[Data extracted from a collection]
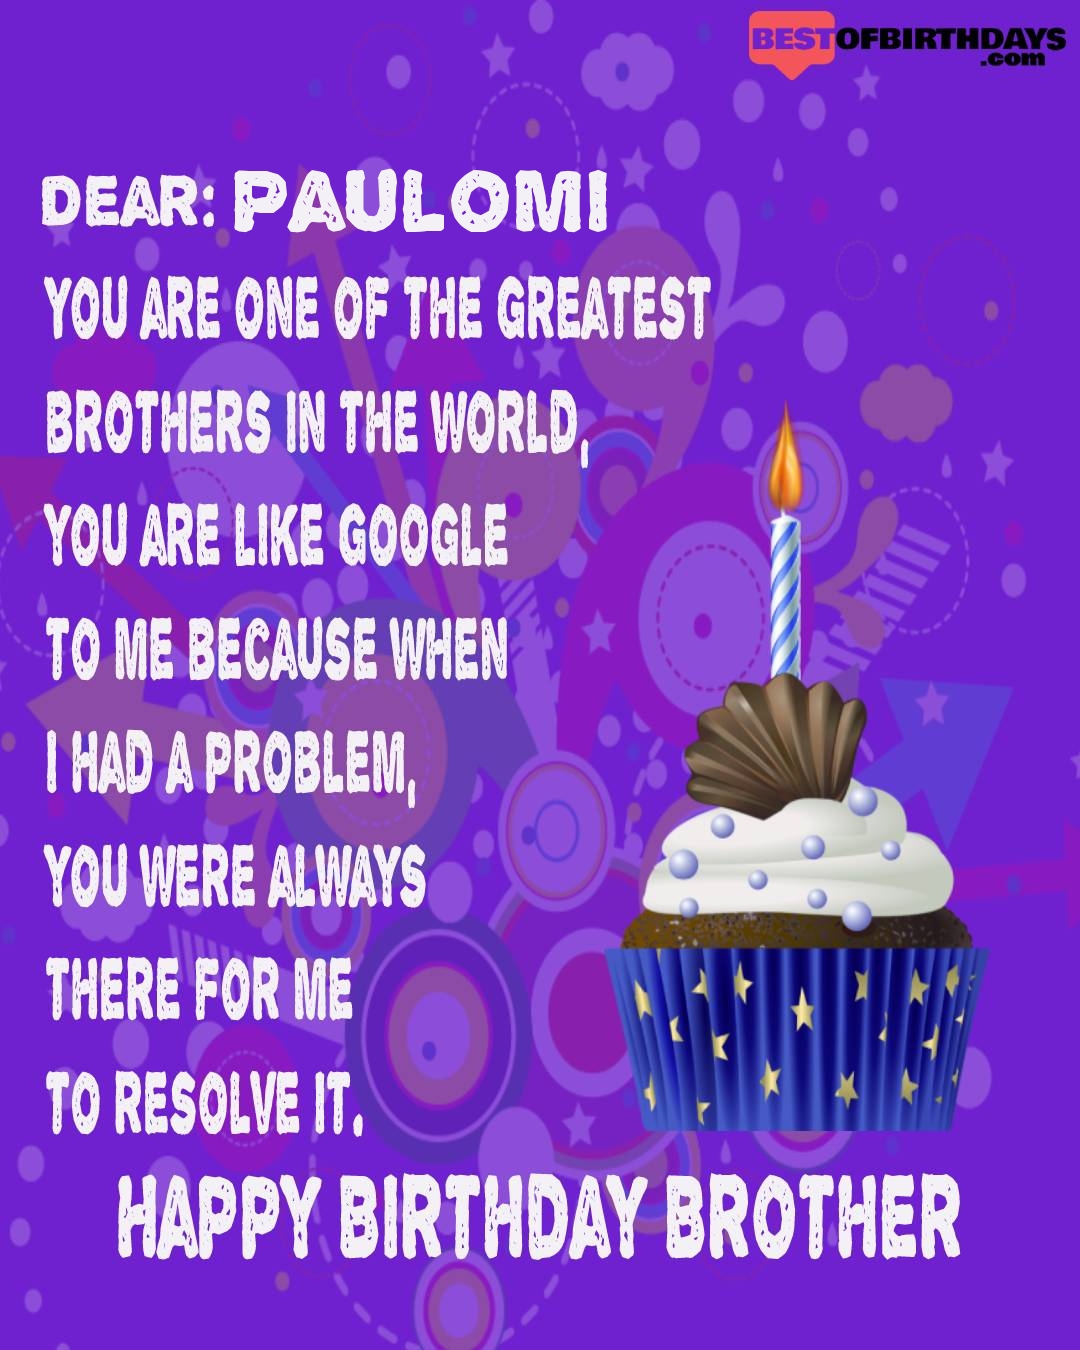 Happy birthday paulomi bhai brother bro
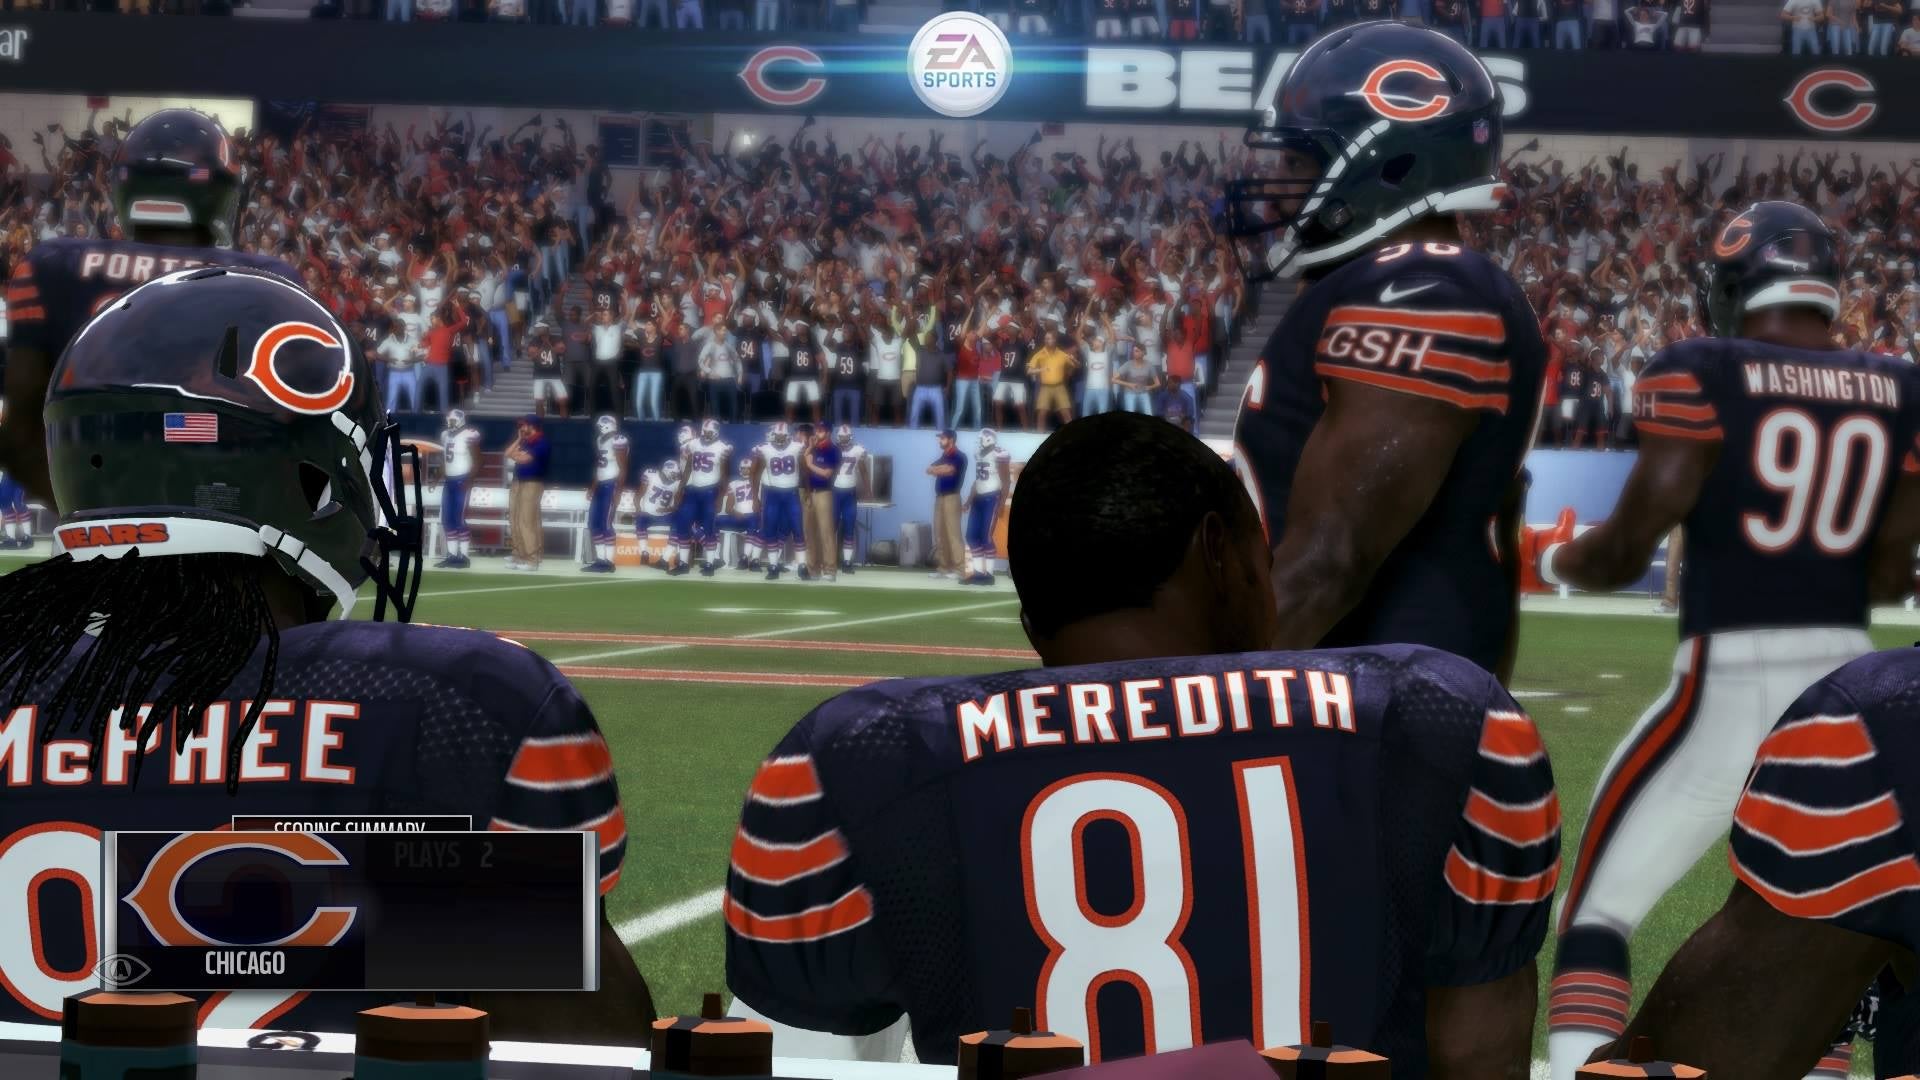 Madden 18 gameplay screenshot of Chicago Bears players on field.
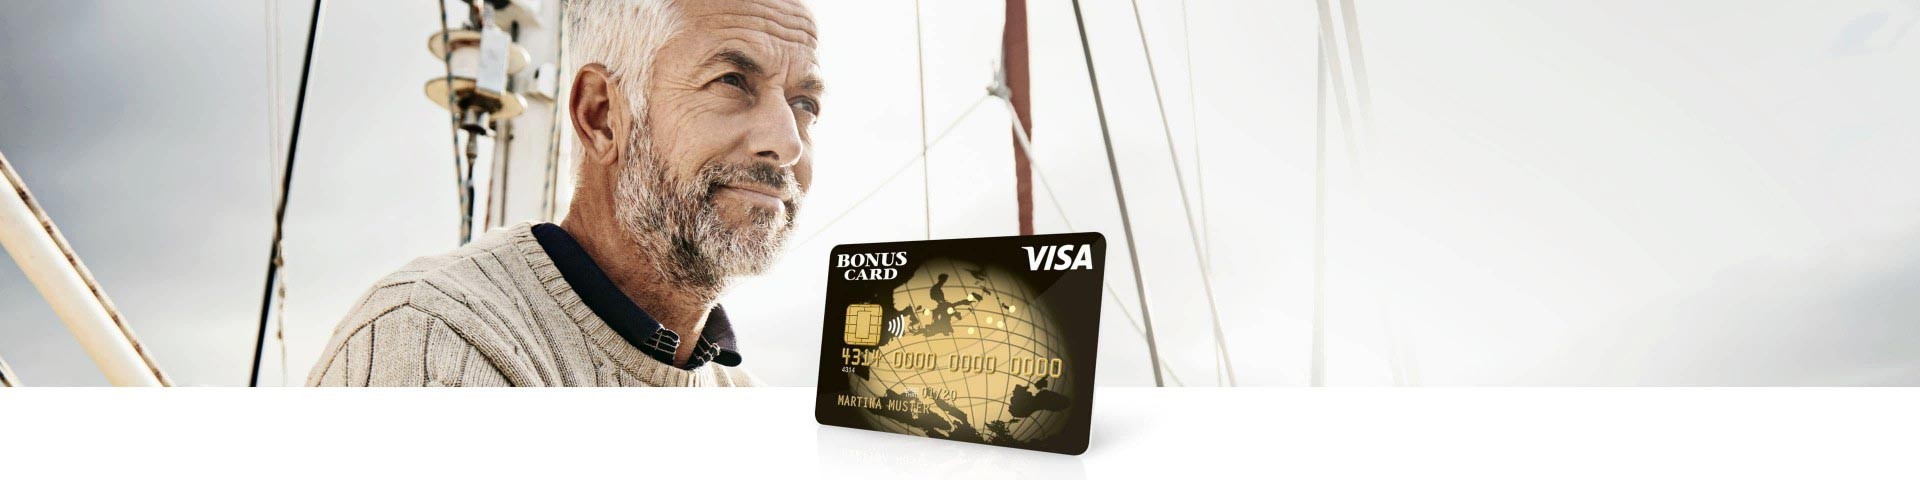 Visa Bonus Card Exclusive
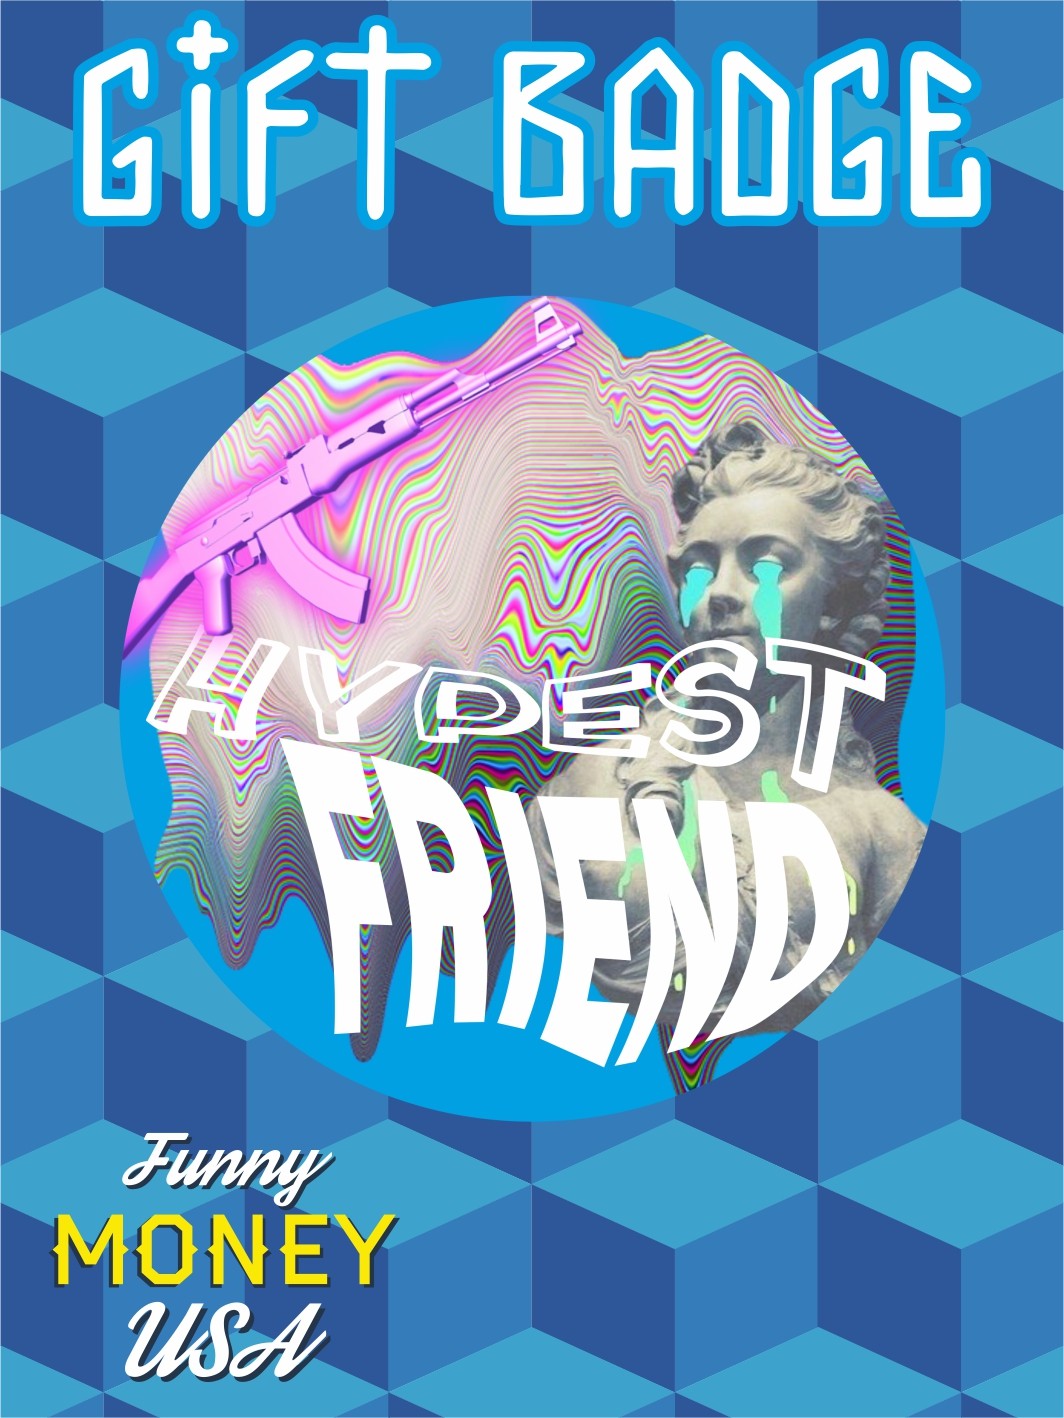 Gift badges "Hypest friend"
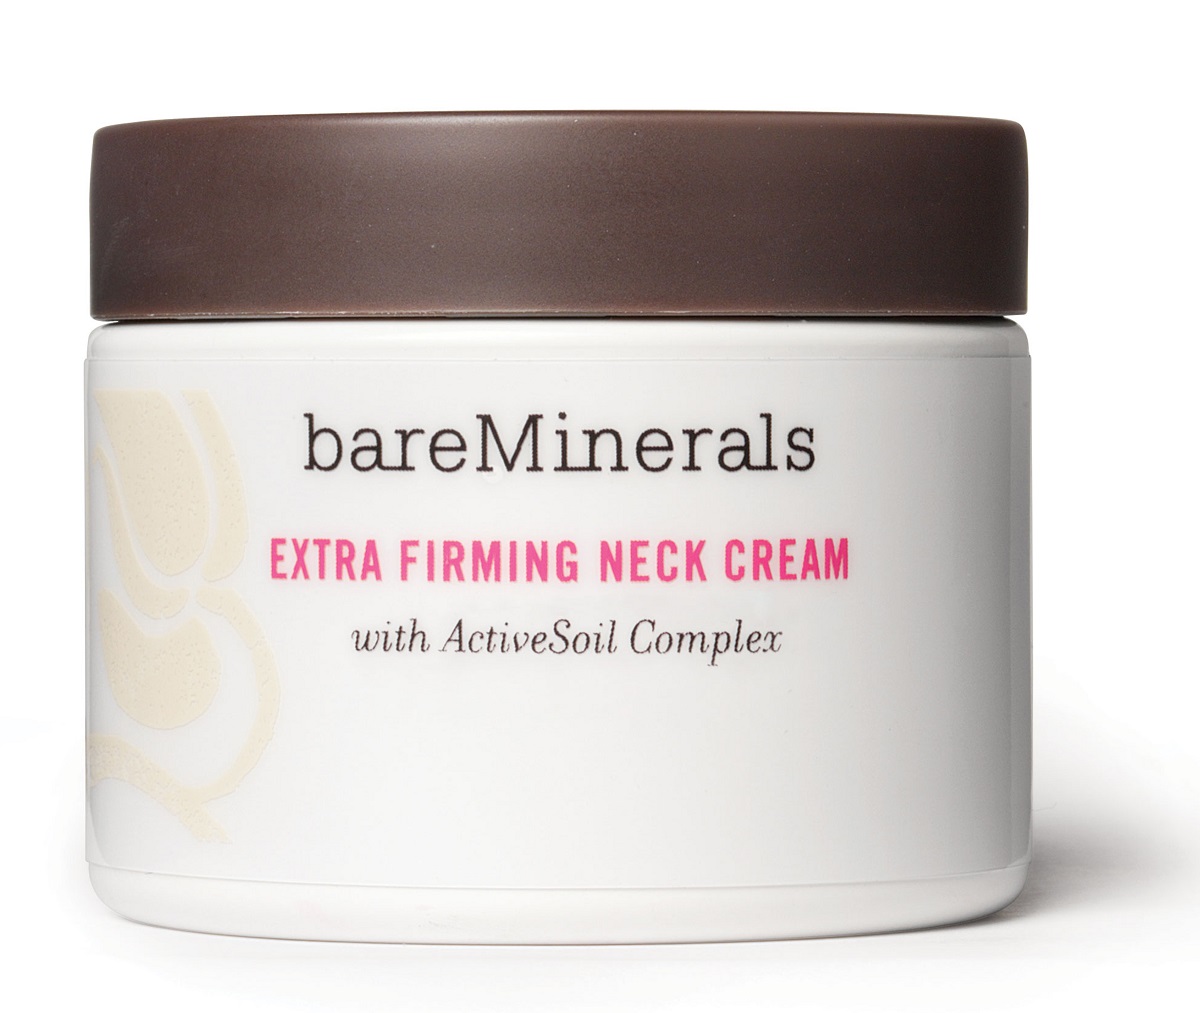 bareMinerals Extra Firming Neck Cream

What is expected. Give each record above back word for word, but carry over none of the pictures.

Output of the task.
 Happy birthday paulomi bhai brother bro
 Madden 18 gameplay screenshot of Chicago Bears players on field.
 Visa Bonus Card Exclusive
 Gift badges "Hypest friend"
 bareMinerals Extra Firming Neck Cream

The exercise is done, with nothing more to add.